Magnetic chair helps against incontinence
If bladder weakness urologists visit
08/22/2013
More than five million Germans are suffering from mild to severe incontinence. Out of shame but only a few talk to a urologist about it. The specialists for kidney, urinary bladder, ureter and urethra often not only treat the bladder weakness in both men and women, but in many cases also cure it. With the magnetic chair, for example, patients have a gentle, if still unknown, method of therapy.
„Anyone who suffers from frequent urination should have this clarified by a urologist. Remains residual urine in the bladder, this bacteria provides an ideal breeding ground and often leads to painful inflammation“, clarifies Reinhold Schaefer, Bonn urologist and medical director of the medical network Uro-GmbH North Rhine. Other possible consequences: Renal failure and permanent incontinence.
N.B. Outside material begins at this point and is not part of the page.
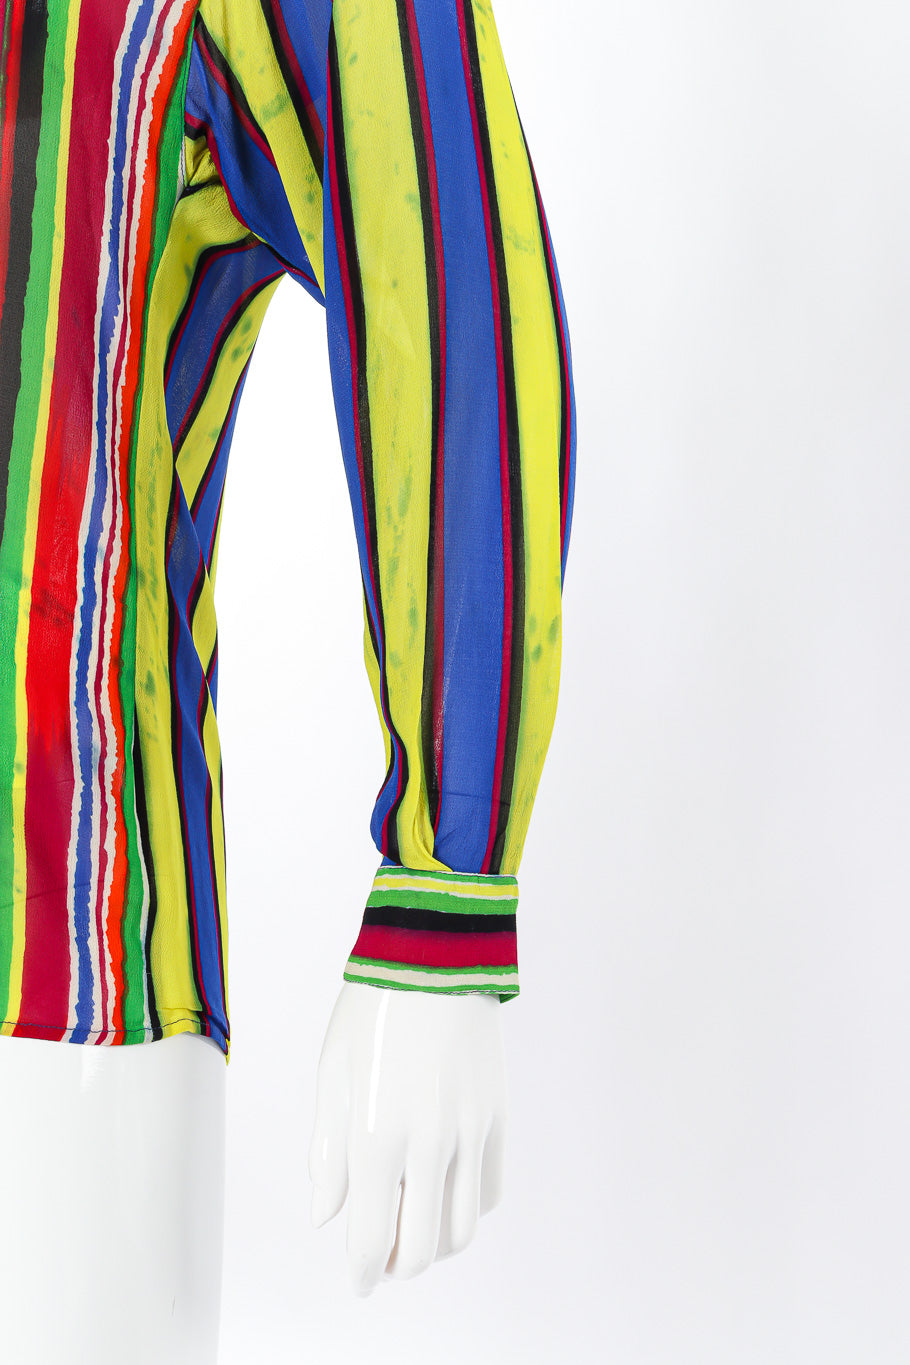 Vintage Versus Versace RYGB Long Sleeve Button Up front sleeve closeup @Recessla

In order to effectively treat pathological urgency, various measures are used. In addition to drug or surgical therapies pelvic floor training is probably the best known method. A similar principle of action also underlies the magnetic chair therapy: „The magnetic chair generates electromagnetic impulses under the seat, which stimulate nerve cells and thereby trigger short, pulsatile muscle contractions of the pelvic floor muscles“, describes Dr. Schaefer the effect. „In this way - similar to the so-called electrostimulation - passively trained the sphincter of the bladder.“ The external contraction aid is primarily used by urologists for the treatment of lower urinary tract dysfunction, particularly in the treatment of hyperactive bladder symptoms with urge incontinence, stress incontinence or mixed incontinence.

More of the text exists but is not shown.